The numbers you see are a list of package_ids supplied by the portal package that indicate which communities this particular user is a member of.

The code that generates the query for the news portlet for example can be viewed at

http://cvs.openacs.org/cvs/news-portlet/www/news-portlet-oracle.xql?rev=1.7&content-type=text/x-cvsweb-markup&cvsroot=dotlrn

The snippet that generates the long list of numbers is:

and news_items_approved.package_id in ([join $list_of_package_ids ", "])
This is pretty typical of the dotLRN portlets.
Collapse
Posted by Dirk Gomez on
The variable list_of_package_ids - where does it come from?

- Is it some user-dependent input?

- Is it needed in every portlet content query? Or only once per page?

On a side note: is null clauses usually lead to indexes not being used because null values are not stored in a b*tree index. That might be another performance-detrimental query clause.

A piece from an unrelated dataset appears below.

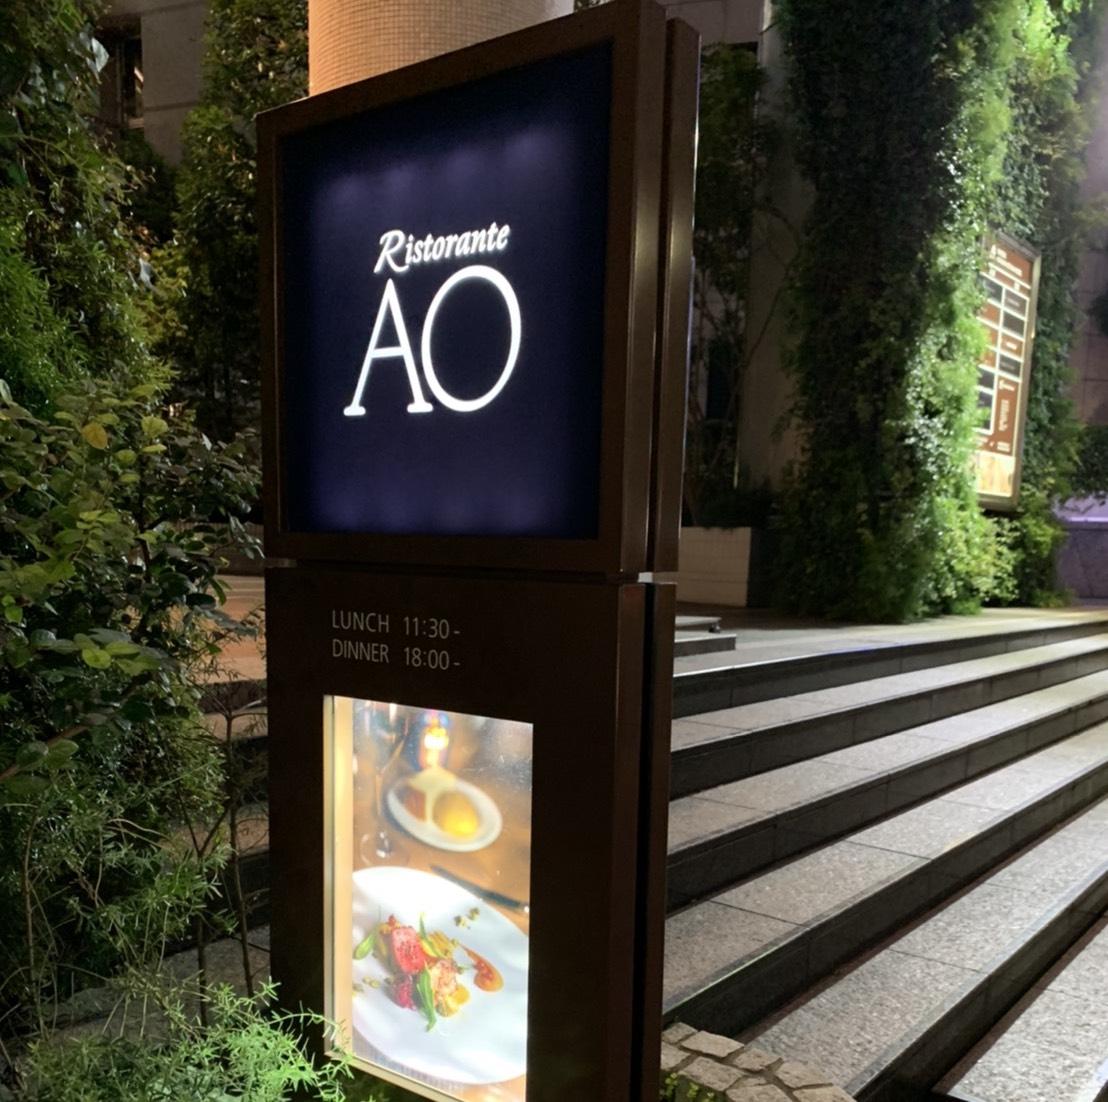 【体験記事】大人の隠れ家レストラン・リストランテAO 青山をご紹介!
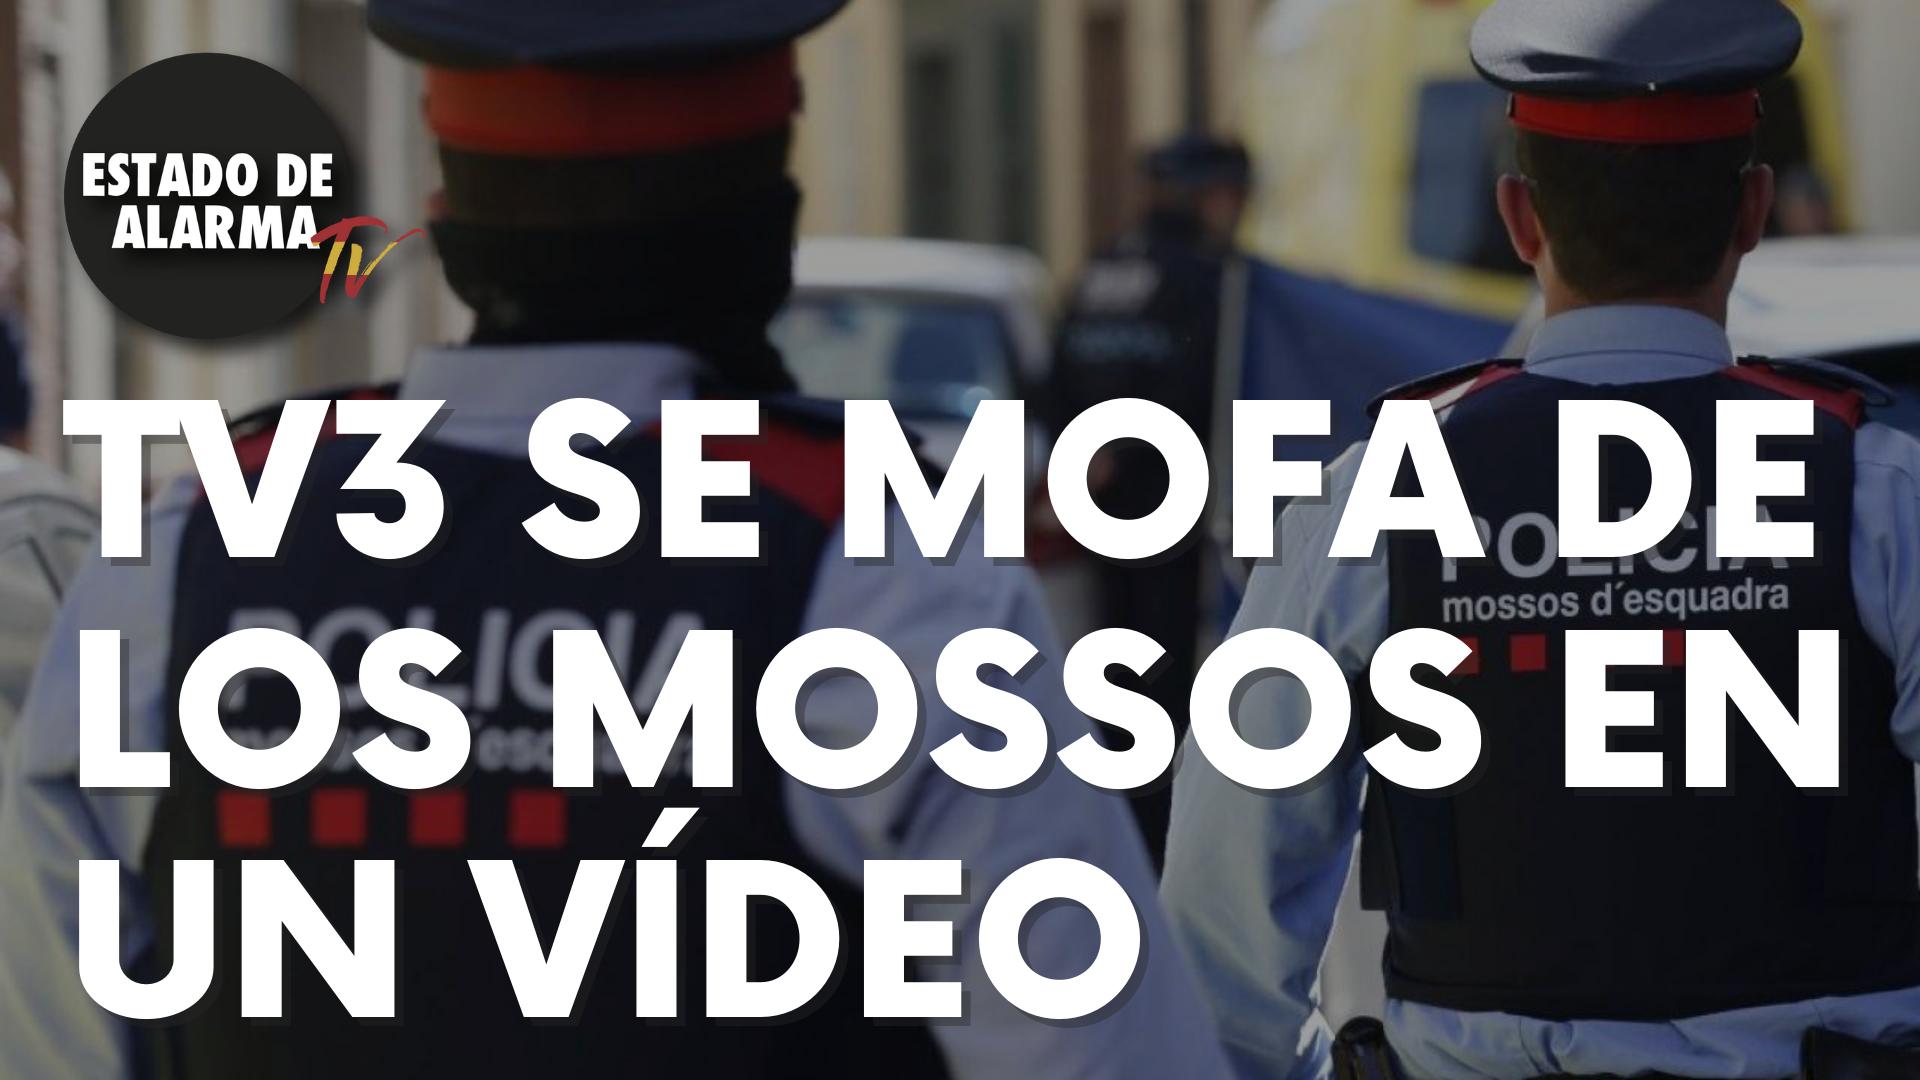 TV3 se mofa de los Mossos en un bochornoso vídeo

I think you should take out certain parts of a particularly expensive query and play around a fair bit to get a feeling what exactly causes sub-optimal performance.

As you have production-size data, your results would really matter. I am tinkering with an empty system 🤔

Collapse
Posted by Dirk Gomez on
I should have read your posting more carefully.

How is the "in list" created in the code? It may be possible to move the code/query that does this into the respective portlet query.

Collapse
Posted by Caroline Meeks on
The package list is set by portals. The portlet accesses it as follows:
set list_of_package_ids $config(package_id)
I'm not sure if the work being done on New Portals will affect this.

https://openacs.org/forums/message-view?message_id=92143

Collapse
Posted by Don Baccus on
These lists for the where clauses are due to the fact that the portlets are aggregating content from all the news instances for all groups the user belongs to, etc.  I haven't dug into these queries or the surrounding portlet code to see if things can be organized in a better way.

At the very least we could use db_map to replace these "in" clauses with "= :forum_id" in the case where the portlet is being used to show a single forum's contents, which will often be the case within a single class (i.e. one without subgroups with subgroup forums.)